Quick Links

Re: Randomize B-Tree page split location to avoid oscillating patterns

From:	Peter Geoghegan <pg(at)bowt(dot)ie>
To:	Dmitry Dolgov <9erthalion6(at)gmail(dot)com>
Cc:	pgsql-hackers(at)postgresql(dot)org
Subject:	Re: Randomize B-Tree page split location to avoid oscillating patterns
Date:	2026-04-27 18:07:14
Message-ID:	CAH2-Wz=Sy7=kAHrtNrDSoo+vj_QYAmNc8_GEYPh6r+0r-BbQ5w@mail.gmail.com
Views:	Whole Thread \| Raw Message \| Download mbox \| Resend email
Thread:
Lists:	pgsql-hackers

On Mon, Apr 27, 2026 at 12:24 PM Dmitry Dolgov <9erthalion6(at)gmail(dot)com> wrote:
> Some time ago while working on models for PostgreSQL performance [1] I've
> stumbled upon an interesting oscillating patters around various B-Tree metrics
> (number of page splits, index size, etc).

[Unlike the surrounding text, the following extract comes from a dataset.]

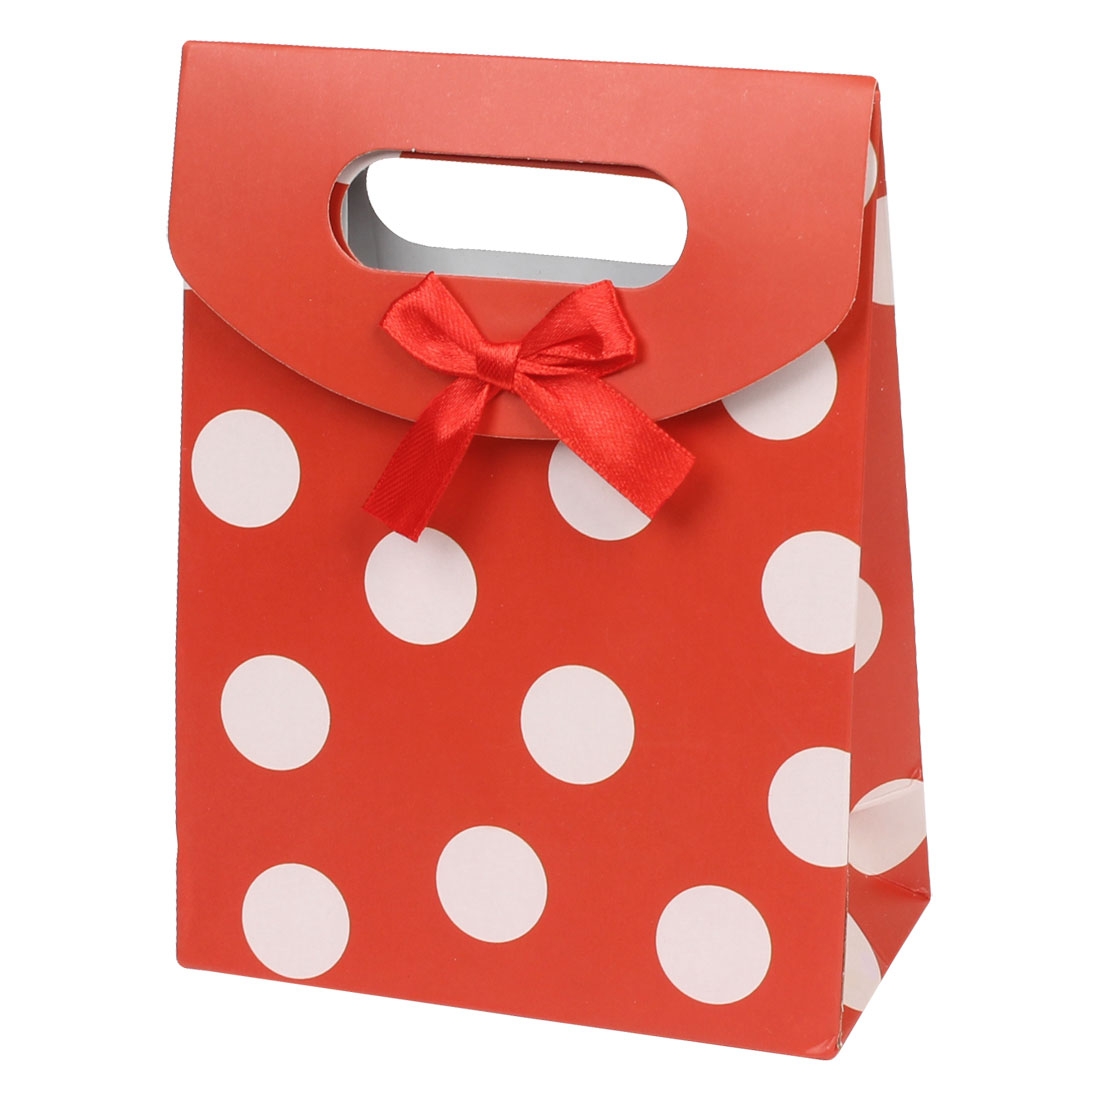 Fastener Closure White Circle Print Paper Gift Holder Bag Red
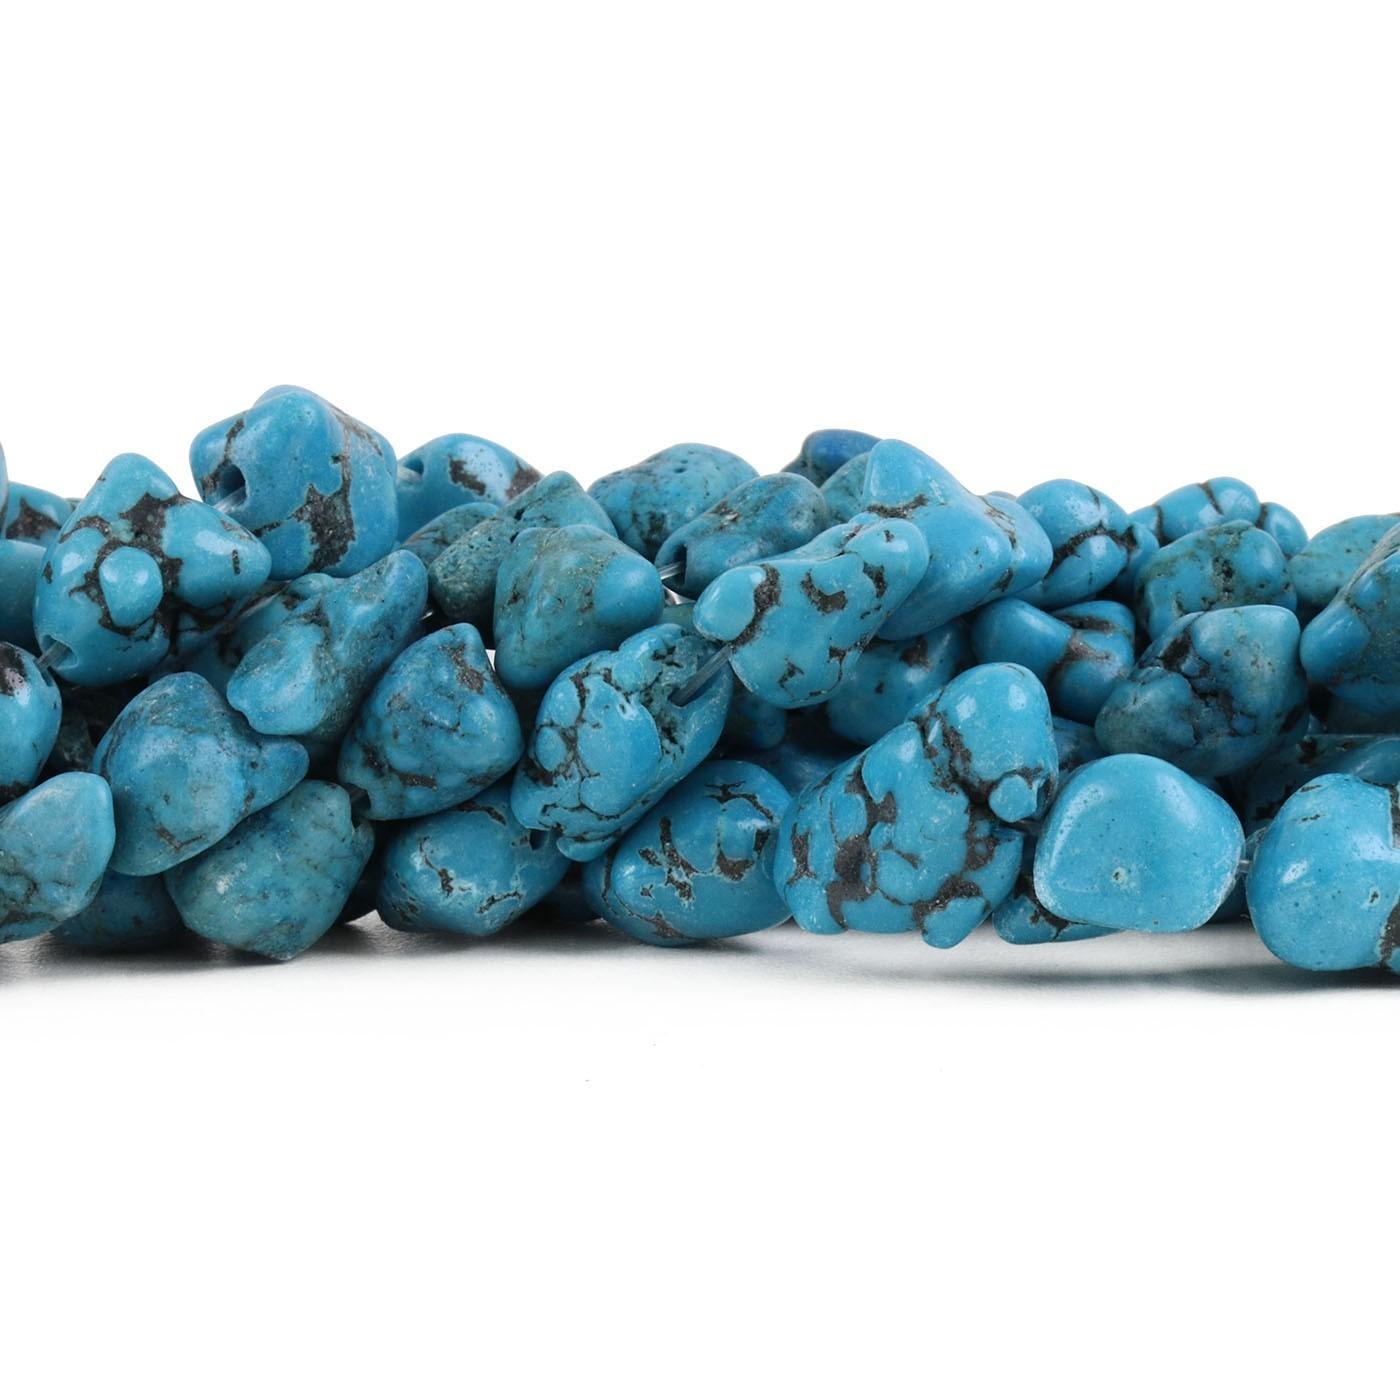 Fio de Turquesa Cérebro Azul Rolada - RO048  - ArtStones

This turned out to be a known thing
> described in a catchy way as "Waves of misery" [2], and boils down to the fact
> that a fixed split location is usually chosen for a page split -- in this case
> probabilities of page split lead to oscillating solutions under certain
> workloads.

I'm quite familiar with the paper, and find its argument convincing.
I'm not sure of the overall importance of the issues that they
describe, but the phenomenon is obviously real.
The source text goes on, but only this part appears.